FIG. 2 shows a modulation transfer function plot for an optical imaging system according to one embodiment of the present invention;

FIG. 3 shows a graph of chromatic aberration of magnification of an optical imaging system according to one embodiment of the invention;

FIG. 4 shows a through focus plot of an optical imaging system according to one embodiment of the invention;

FIG. 5 shows a graph of modulation transfer function versus field of view for an optical imaging system in accordance with one embodiment of the present invention.

Detailed Description

In the following description, numerous specific details are set forth in order to provide a more thorough understanding of the present invention. It will be apparent, however, to one skilled in the art, that the present invention may be practiced without one or more of these specific details. In other instances, well-known features have not been described in order to avoid obscuring the invention.

It is to be understood that the present invention may be embodied in many different forms and should not be construed as limited to the embodiments set forth herein. Rather, these embodiments are provided so that this disclosure will be thorough and complete, and will fully convey the scope of the invention to those skilled in the art.

For a better understanding of the present application, various aspects of the present application will be described in more detail with reference to the accompanying drawings. It should be understood that the detailed description is merely illustrative of exemplary embodiments of the present application and does not limit the scope of the present application in any way. Like reference numerals refer to like elements throughout the specification. The expression "and/or" includes any and all combinations of one or more of the associated listed items.

It should be noted that in this specification, the expressions first, second, third, etc. are used only to distinguish one feature from another, and do not represent any limitation on the features. For example, the first lens discussed below may also be referred to as the second lens or the third lens without departing from the teachings of the present application.
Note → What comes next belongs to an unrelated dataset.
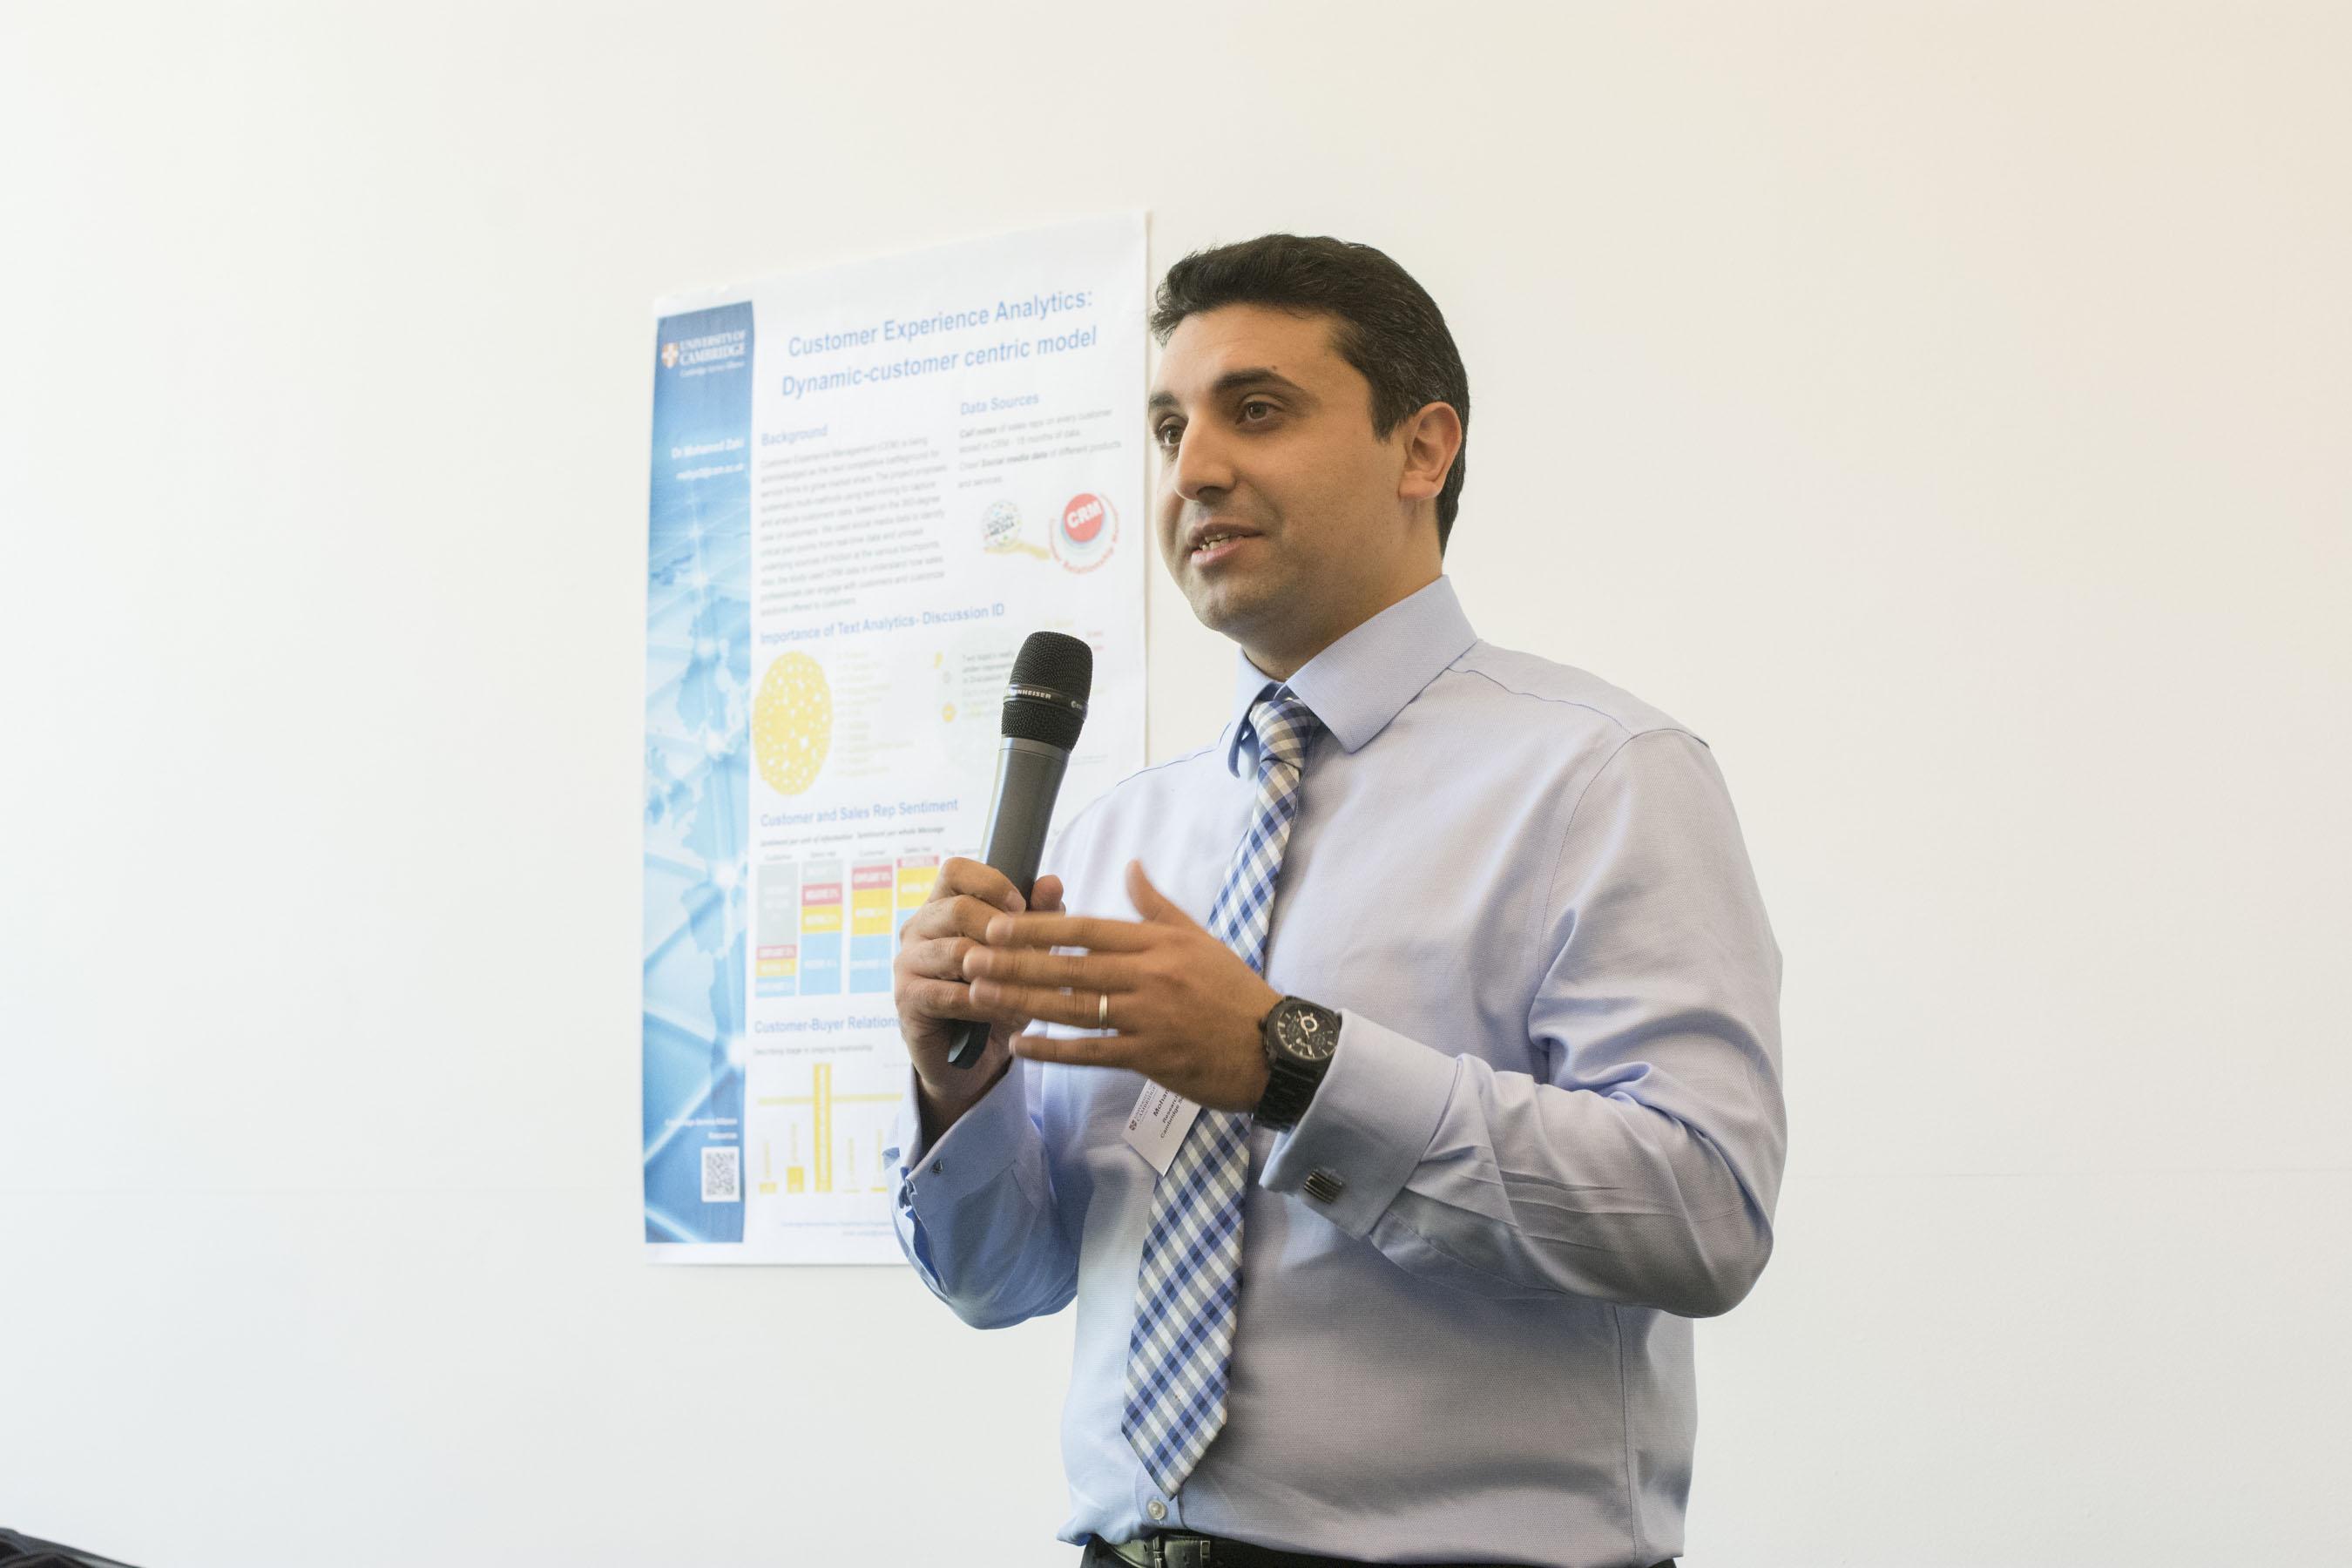 Customer Experience Analytics - Data Insights Cambridge Event

In the drawings, the thickness, size, and shape of the lens have been slightly exaggerated for convenience of explanation. In particular, the shapes of the spherical or aspherical surfaces shown in the drawings are shown by way of example. That is, the shape of the spherical surface or the aspherical surface is not limited to the shape of the spherical surface or the aspherical surface shown in the drawings. The figures are purely diagrammatic and not drawn to scale.

Herein, the paraxial region refers to a region near the optical axis. If the lens surface is convex and the convex position is not defined, it means that the lens surface is convex at least in the paraxial region; if the lens surface is concave and the concave position is not defined, it means that the lens surface is concave at least in the paraxial region. The surface of each lens closest to the subject is referred to as the object side of the lens, and the surface of each lens closest to the image side is referred to as the image side of the lens.

It will be further understood that the terms "comprises," "comprising," "has," "having," "includes" and/or "including," when used in this specification, specify the presence of stated features, elements, and/or components, but do not preclude the presence or addition of one or more other features, elements, components, and/or groups thereof. Moreover, when a statement such as "at least one of" appears after a list of listed features, the entirety of the listed features is modified rather than modifying individual elements in the list. Furthermore, when describing embodiments of the present application, the use of "may" mean "one or more embodiments of the present application. Also, the term "exemplary" is intended to refer to an example or illustration.

Unless otherwise defined, all terms (including technical and scientific terms) used herein have the same meaning as commonly understood by one of ordinary skill in the art to which this application belongs. It will be further understood that terms, such as those defined in commonly used dictionaries, should be interpreted as having a meaning that is consistent with their meaning in the context of the relevant art and will not be interpreted in an idealized or overly formal sense unless expressly so defined herein.

It should be noted that the embodiments and features of the embodiments in the present application may be combined with each other without conflict.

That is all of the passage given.